Would something like the hysteria caused by the "war of the worlds" radio
broadcast be possible to reproduce today? Yeah, absolutely. The bar's a little
higher though, you'd need multiple organizations corroborating the story over
multiple mediums.

Enough people on twitter would say things like "Uh, I'm standing around where
the aliens are supposed to be and I don't see shit" to arrest some of the
contagion.

I have a theory that new modes of communication automatically seem more
trustworthy at first, because most of the time the liars don't move in until
adoption reaches a certain level to make it profitable. The problem is that
transition. We're late in the cycle right now for the internet. People are
slowly learning to take extraordinary claims on the internet less seriously by
default.

I like to think about the impact of Franklin D. Roosevelt's fireside chats.
Most of America tuned in, captivated. The things he said calmed people down,
reduced national anxiety and assuaged their fears. The default mode was to
trust him, and that made a historic impact. It felt nationally like the
president could finally talk to people on a personal level.

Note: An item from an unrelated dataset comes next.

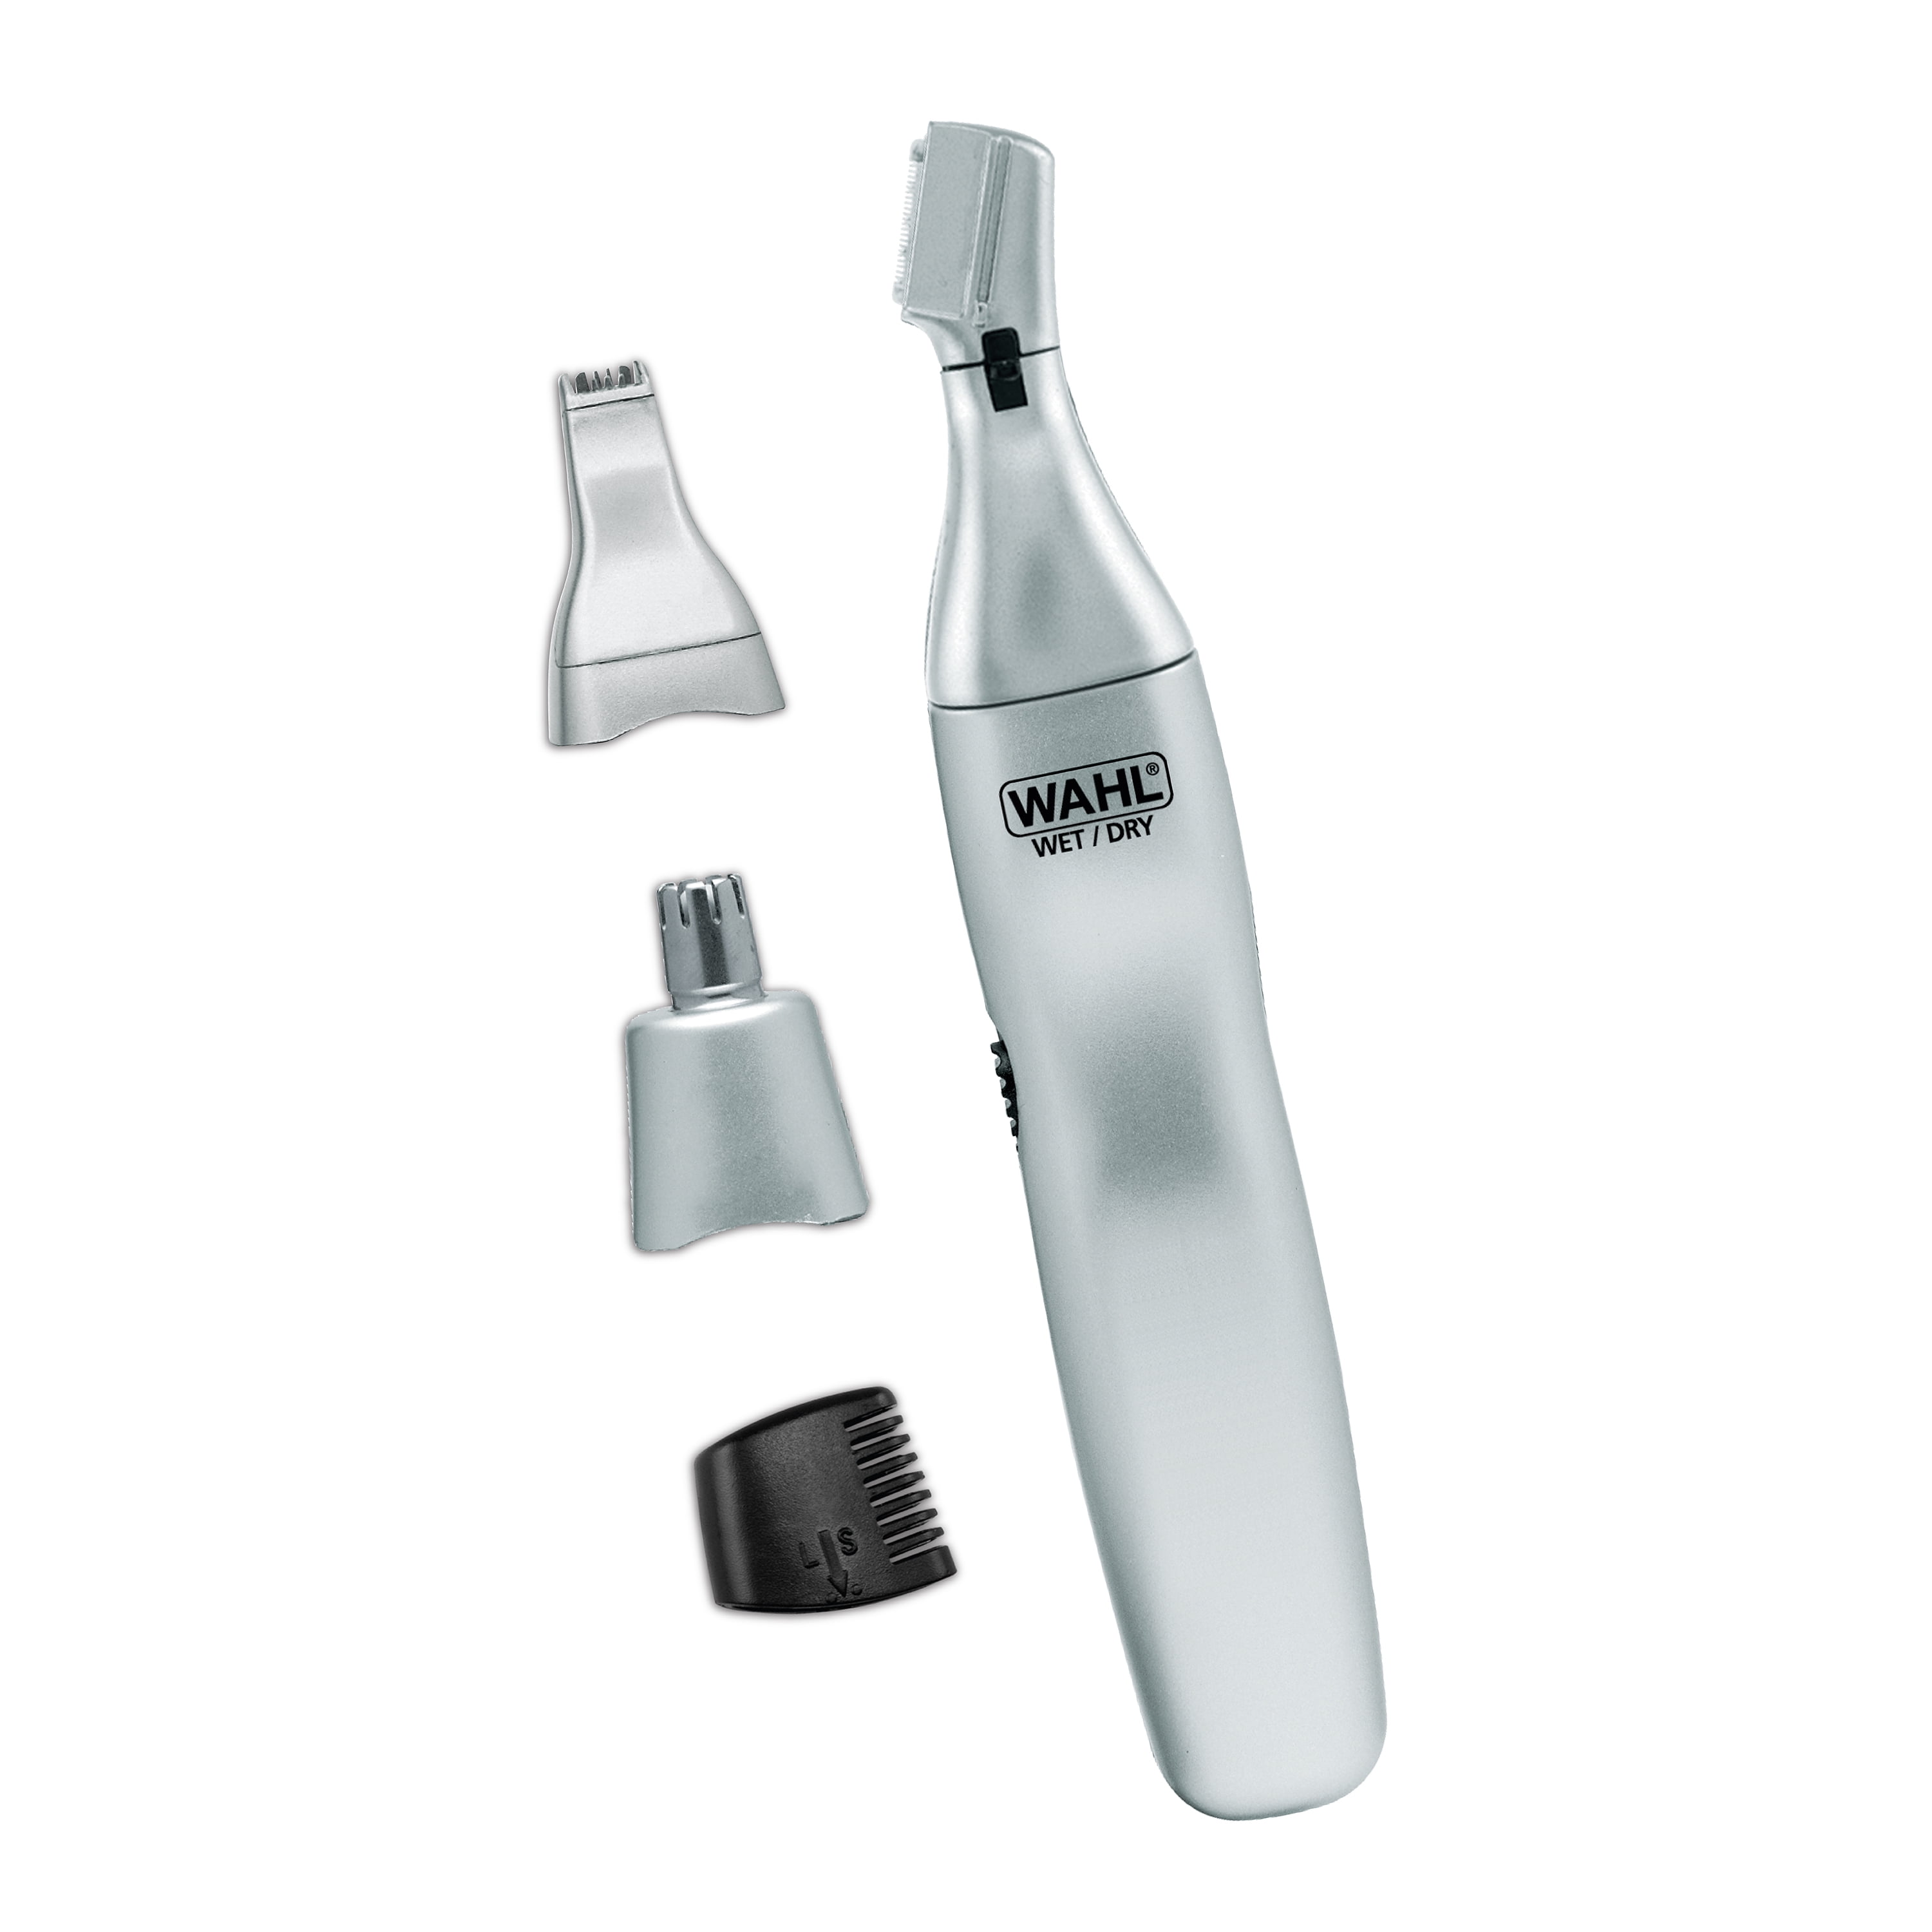 Wahl Clipper - Ear, Nose & Brow 3-in-1 Personal Trimmer. Wet/Dry for Easy, Precise and Hygienic Grooming! Model 5545-400 - Walmart.com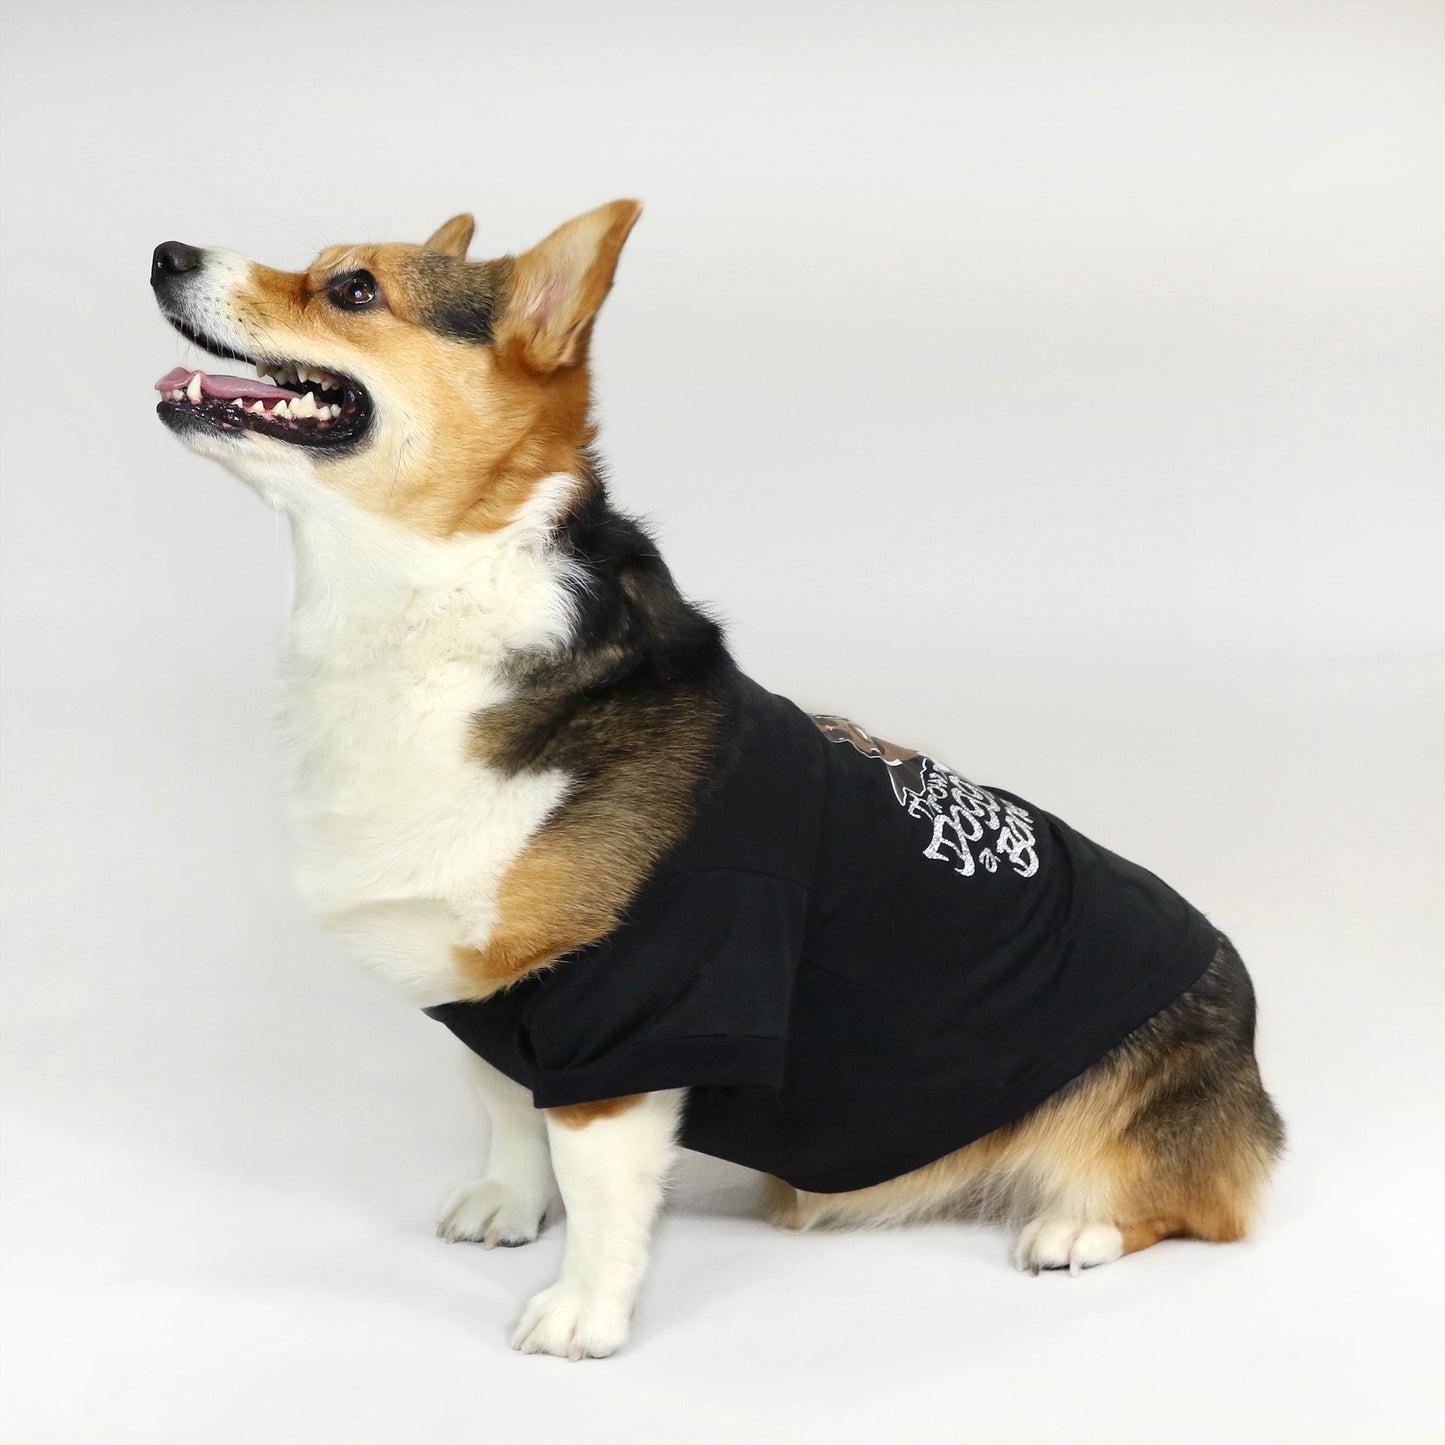 Sunny the Corgi wearing the Throw A Dogg A Bone Deluxe Pet T-Shirt in size Large.

Then a few years passed, and the national trust was taken advantage of.
Despite Tuskegee, MKUltra, The Bay of Pigs, Watergate -- pretty much
everything about Nixon, and a hundred other events, it took a long time to
make the majority of us into the politically disillusioned wrecks we've
become.

It's easy to imagine how seductive messages like "the elite are all lying to
you" are when that's become the safest default position for a while. The
vulnerability we've found ourselves in now is lies bolted on to truths. I'm
hoping that we'll all inoculate ourselves with some kind of generalized agenda
aversion next.

A man running for state representative came to my door a few weeks ago. He
wanted to know if he could place a sign in my yard. To be honest, my default
position would have been to say "Go for it homie". Any candidate making door
calls is atleast trying to put in effort. Especially since political
candidates basically spout vague platitudes that turn into nebulous nonsense.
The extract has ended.